Я чувствовала. В том-то и проблема. Я чувствовала, и он знал, что я чувствую, и не стал на этом играть, и вот это — вот именно это — не укладывается у меня в голове.

Я переворачиваюсь на живот и утыкаюсь лицом в подушку. Подушка тёплая с обеих сторон, я уже проверила.

Он процитировал Плат. Вот так, легко, между делом, как будто все мотоциклисты в шлемах носят с собой «Леди Лазарь» в подкорке. И не напрягся, не выдержал паузу для эффекта, не посмотрел на меня, ожидая восхищения. Просто сказал — и пошёл дальше. Я за двадцать два года своей жизни могу пересчитать по пальцам одной руки мужчин, которые знают, кто такая Сильвия Плат, и у большинства из них это знание заканчивается на «а, это та, которая с духовкой». А этот — цитирует наизусть. В полночь. У ларька. В мотоциклетном шлеме.

Я снова переворачиваюсь на спину.

Ладно. Допустим, он начитанный. Бывает. Это не повод лежать без сна и вспоминать, как он пил воду — запрокинув голову, и капли стекали по подбородку на шею, и я видела только полоску кожи под шлемом, и почему-то именно эта полоска, узкая, незащищённая, между чёрным пластиком и воротом футболки, показалась мне интимнее, чем должна была. Интимнее, чем голая грудь на пляже, интимнее, чем расстёгнутые пуговицы на рубашке. Потому что всё остальное было закрыто — шлем, куртка, перчатки, — и эта случайная полоска кожи была единственным, что он мне позволил увидеть.

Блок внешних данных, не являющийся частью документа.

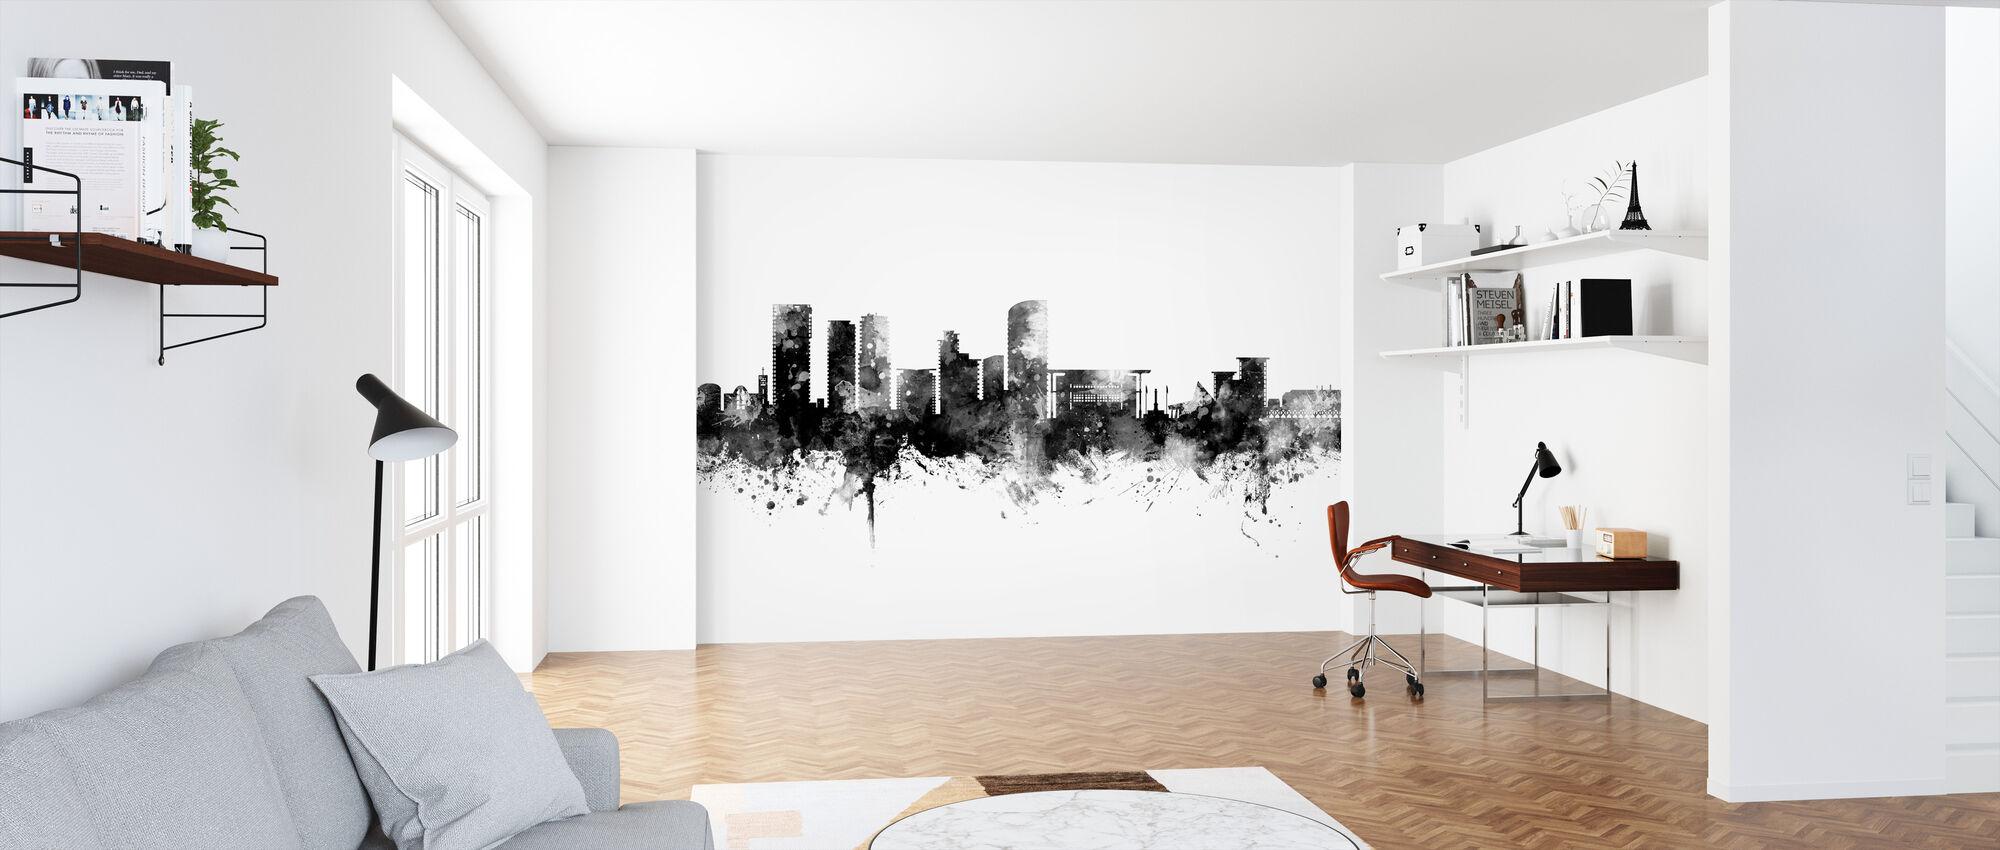 Darwin Australia Skyline - Wallpaper - Office

Боже, о чём я вообще думаю.

Я сажусь в кровати и включаю телефон. Два часа сорок семь минут. Шесть непрочитанных сообщений от Ани, и я знаю, не открывая, что там что-то про «ты не поверишь, что сегодня было» или «я нашла идеальную тушь» или «мне нужно с тобой поговорить, вопрос жизни и смерти» — последнее обычно означает, что ей не идёт новая стрижка.

Я не открываю. Вместо этого я смотрю на чёрный экран и вижу своё отражение — растрёпанные волосы, тёмные круги, которые к утру станут ещё темнее, и выражение лица, которое я бы описала как «раздражённая растерянность», если бы это было реальным термином.

Он не назвал имени.

Я тоже.

И он ушёл. Встал с лавки, сказал что-то лёгкое, необязательное — и ушёл. Не попросил номер. Не предложил увидеться. Не сказал «было приятно познакомиться» или другую формулу из учебника по социальному взаимодействию. Просто сел на байк, поднял руку и уехал. И я до сих пор не могу понять, что меня задевает больше — то, что он это сделал, или то, что я хотела, чтобы он этого не делал.

«Просто интересно, когда ты в последний раз делала что-то, чего нет в плане.»

Вот это не даёт мне спать. Не цитата из Плат, не голос из-под шлема, не полоска кожи на шее — хотя всё это тоже, но в первую очередь — этот вопрос. Потому что я не смогла на него ответить. Не потому что ответ сложный, а потому что ответ простой, и он мне не нравится. Я не помню. Я не помню, когда в последний раз делала что-то незапланированное. Всё, что я делаю, — это пункты списка, и когда один пункт завершён, я перехожу к следующему, и мне от этого спокойно, и это нормально, и это правильно, и мама говорит, что это единственный способ не оказаться в ситуации, в которой оказалась она, когда доверилась мужчине без плана и осталась одна с ребёнком и кредитом за квартиру.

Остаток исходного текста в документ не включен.